I worry my partner is not up for the role I have been trying to create for her

Sounds like your fiancé doesn't see her "role" the same way you do. You're setting everyone up for failure by expecting another adult to take on a role that you have created for her. 

Survivingstephell's picture

Your fiancé is in a relationship with YOU.  First and foremost.  She does not have 4 kids to balance but you do. You have so much to balance and that is yours to figure out, not dump on her with unnatural expectations.  The Brady Bunch does not exist and thinking it does causes so much drama and confusion.   

Kaylee's picture

You're putting a heap of expectations on your fiance.

Slow everything down, right now. You have two failed marriages behind you, and with your attitude you'll be facing a third. 

Maybe you should focus on raising your children to be good respectful citizens.
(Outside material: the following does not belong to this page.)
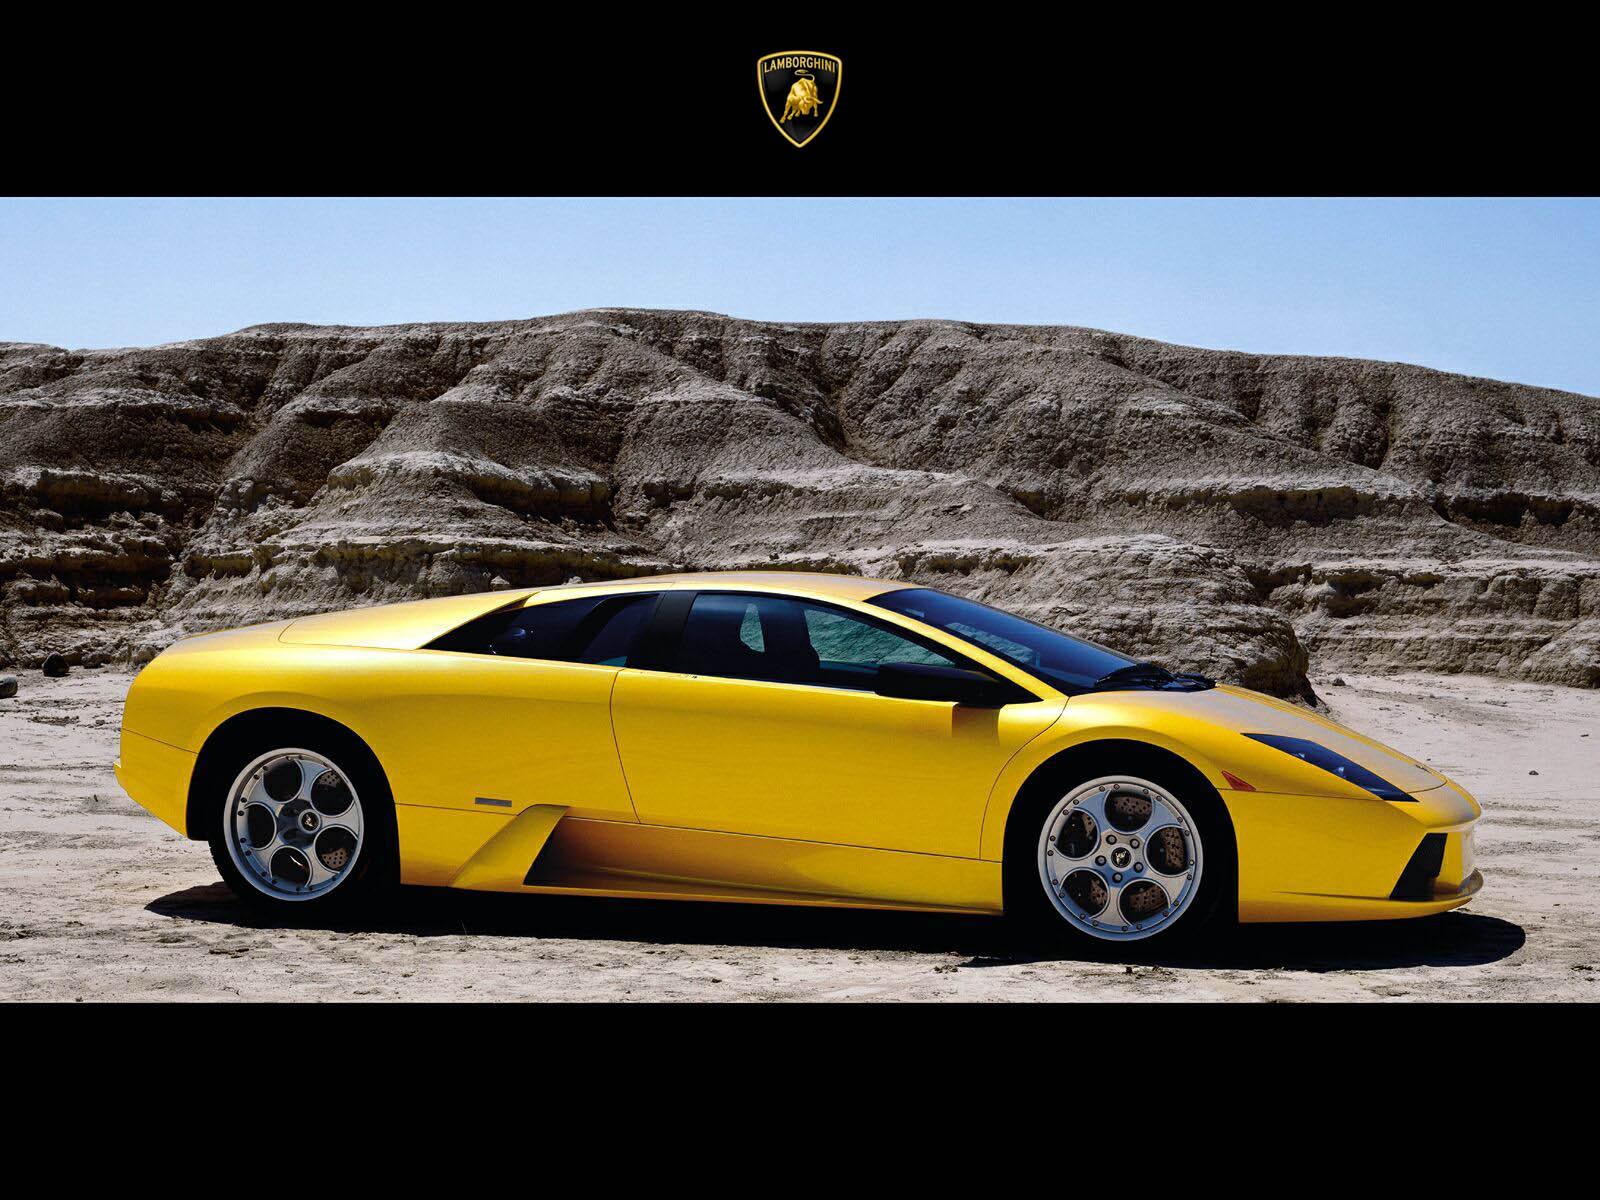 http://2.bp.blogspot.com/-AxqTVc89AFA/TeTt6RkVZGI/AAAAAAAAAP4/7ITSnkbDOqE/s1600/Lamborghini%2BMurcie%2525CC%252581lago%2BWallpapers-13.jpg

By all means have a relationship but don't try and force this Brady Bunch concept onto your partner (and children).

Rumplestiltskin's picture

You can't expect a childless young woman to fill the role of two bio-moms, and you likely expect her to not only fill the role but do it better. People date and get married to have a relationship, to be a significant other and a spouse, not to take over as parent to children of multiple other people. If she is kind and respectful to your kids, and a good partner to you, count your blessings. You're going to run her off with "mommy" expectations to any children but her own. 

Winterglow's picture

You want to know if it's a red flag because she won't share a tent with two of your kids? Nope, not a red flag and most unrelated adults would refuse too.

Harry's picture

Wants Adult Alone Time with you.  She has one week off. She wants to spend it with you alone.  Not taking care of your kids.  She does that all year.  You had alone time with your ex. Why doesent GF get alone time.